To interpret this, remember that the standard deviation is the average distance of a point from the mean. So if we think of our sample mean \(m\) as an approximation to the population mean \(\mu\), this says that the average error in this approximation is \(\frac{\sigma}{\sqrt{n}}\).
The final thing the Central Limit Theorem tells us is that the distribution of all possible sample means of size \(n\) is approximately normally distributed, no matter the underlying distribution of the population. This is a subtly surprising fact. The approximation here might be quite crude, but will get better as \(n\) increases.
One important thing to note about the central limit theorem is that the standard deviation of sample means, which we loosely interpret as the average distance (error) between a sample mean and the population mean is \[\frac{\sigma}{\sqrt{n}}\] where \(\sigma\) is the standard deviation of the population.
The problem here is we never really know the entire population, so we never actually know \(\sigma\).
We can, of course, calculate the standard deviation of the sample, \(s\), which is an approximation to \(\sigma\).
But how good an approximation depends on the distribution of the population, and the sample size.
The quantity \[\frac{s}{\sqrt{n}}\] is called the standard error of the mean.
Loosely speaking, it is an approximation to the average error we make by using our sample mean as an approximation for the population mean. It's only an approximation to that value, because we are using the sample standard deviation, \(s\), in place of the population standard deviation, \(\sigma\).
We can compute the standard error of the mean in R as a grouped summary table.
met_summary <- met %>% group_by(Strain, Diet) %>%
summarise(Chol=mean(Cholesterol), CholSD = sd(Cholesterol), n=n(), sem=CholSD/sqrt(n))
met_summary
We've previously plotted quantitative data using box plots and column scatter plots
However, some people still prefer bar charts. The bar chart shows the sample mean, and "error bars" are used to show the spread of the data.
When showing error bars on bar charts we (currently) have two options: standard deviation, or standard error of the mean. Which should we use?
Remember our interpretation:
The most important thing is to clearly state what your error bars represent.
Let's start by plotting bar charts just for the TH mice. We'll create a subset of the
th_summary <- met_summary %>%
filter(Strain=="TH")
ggplot(th_summary, aes(x=Diet, y=Chol)) +
geom_bar(stat="identity", fill="#00b140") +
geom_errorbar(aes(ymin=Chol - sem, ymax=Chol + sem), width=0.2)

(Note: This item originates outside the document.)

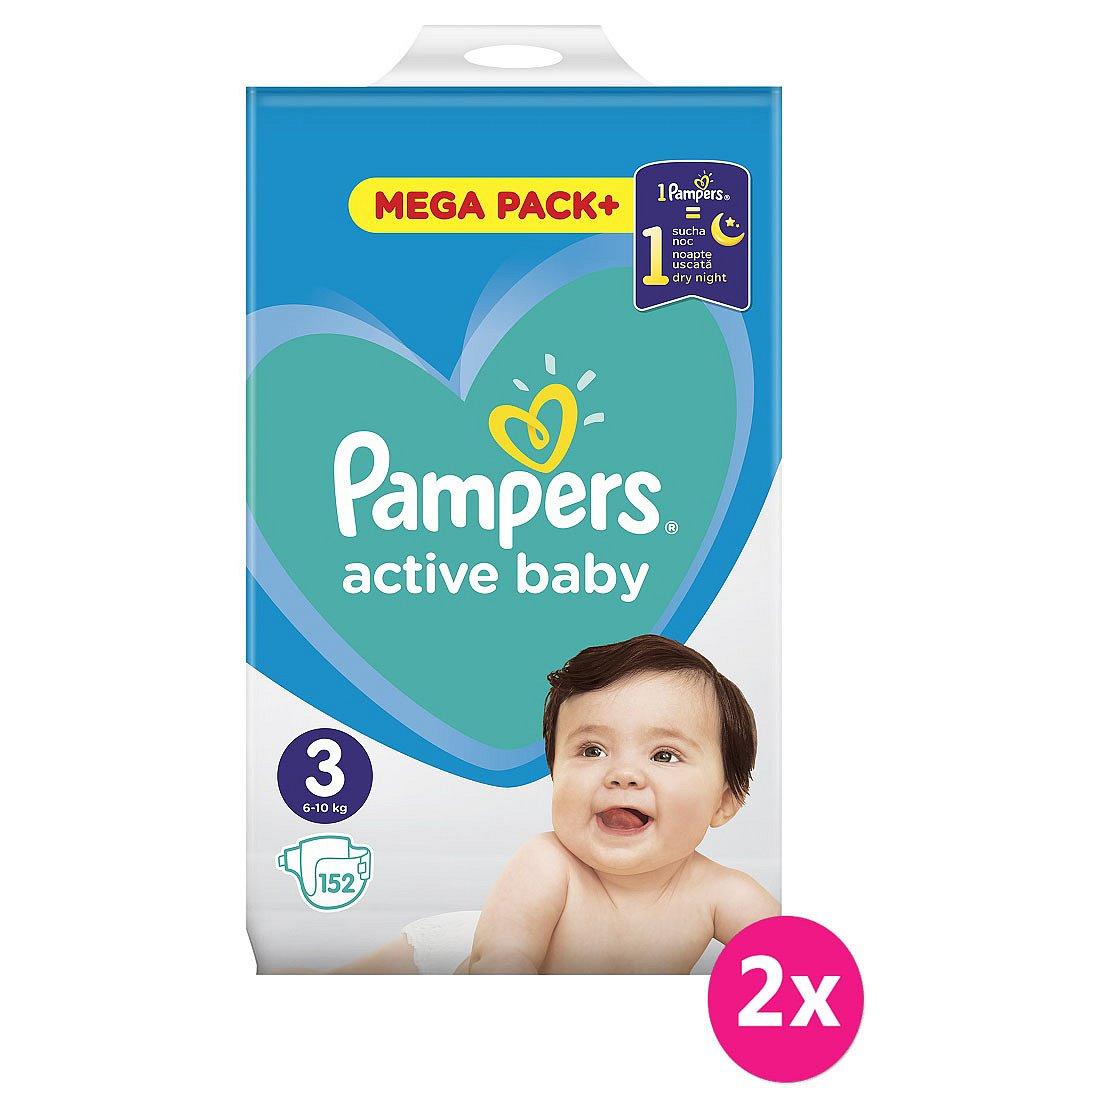 2x PAMPERS Active Baby 3 (6-10kg) 152ks MEGA PACK – jednorázové pleny

The geom_errorbar takes some new aesthetics: a ymin
and ymax. We need to compute these: if we want error bars showing
the standard error of the mean, they need to extend sem above
and below the mean Cholesterol value.
The geom_errorbar also takes a width parameter, specifying
how wide the bar should be. These are in units of the width of one column.

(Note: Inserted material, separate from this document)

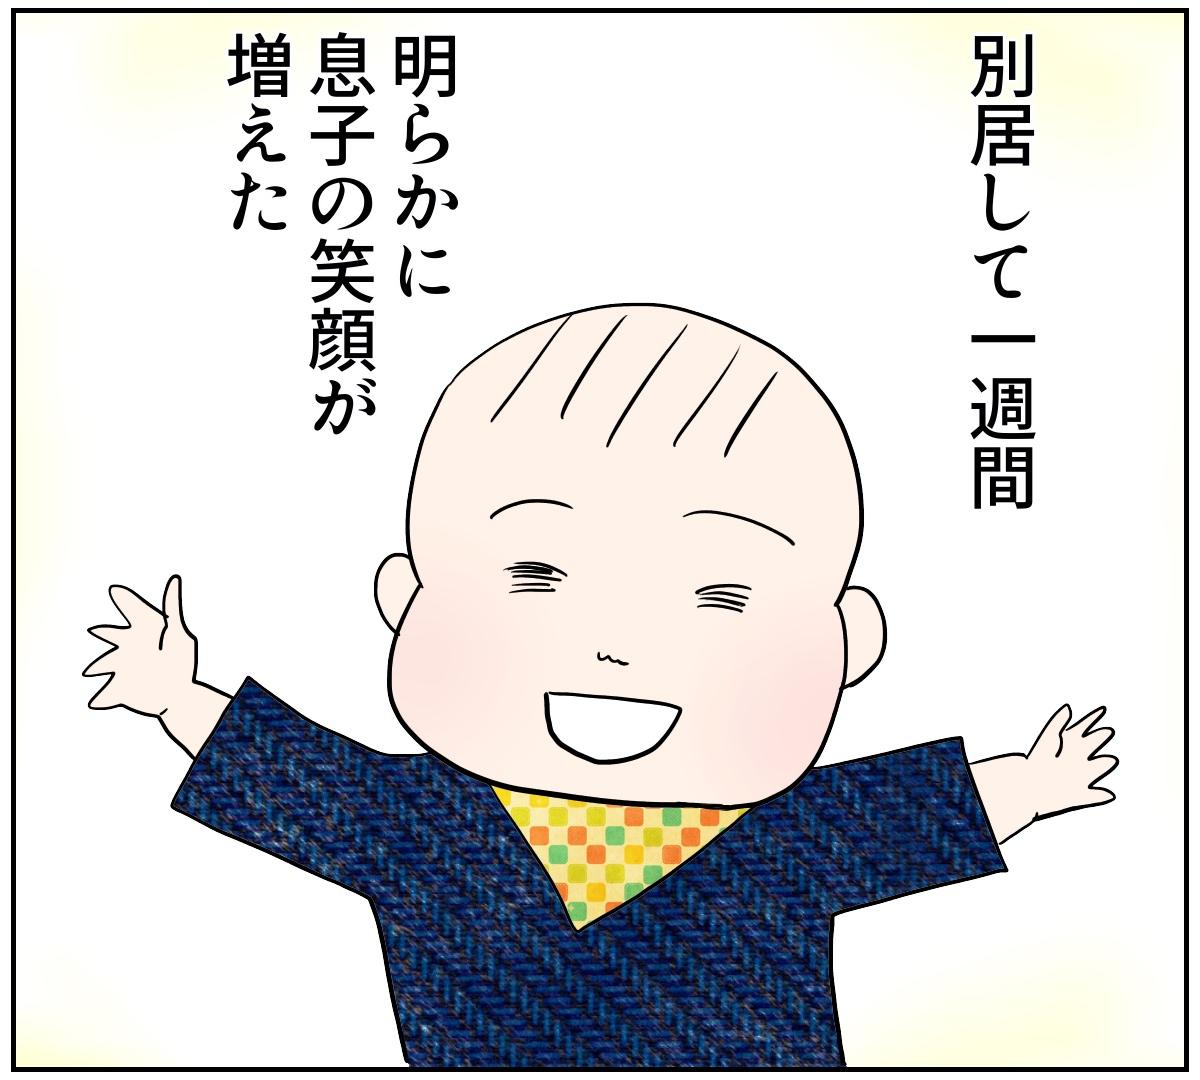 f:id:kaco-matsu:20190808114123j:plain

Experiment with this value and see what looks good.
To plot all groups, we can use our full met_summary summary table.
We'll set the x value to the Strain and color the bars by Diet
using the fill aesthetic.
ggplot(met_summary, aes(x=Strain, y=Chol, fill=Diet)) +
geom_bar(stat="identity", position=position_dodge()) +
geom_errorbar(aes(ymin=Chol - sem, ymax=Chol + sem), width=0.2, position=position_dodge(0.9))
The position_dodge() moves the bars and error bars to form a
"grouped bar chart". The 0.9 parameter for the error bars accounts for
the gap between the groups. Some trial and error is sometimes necessary!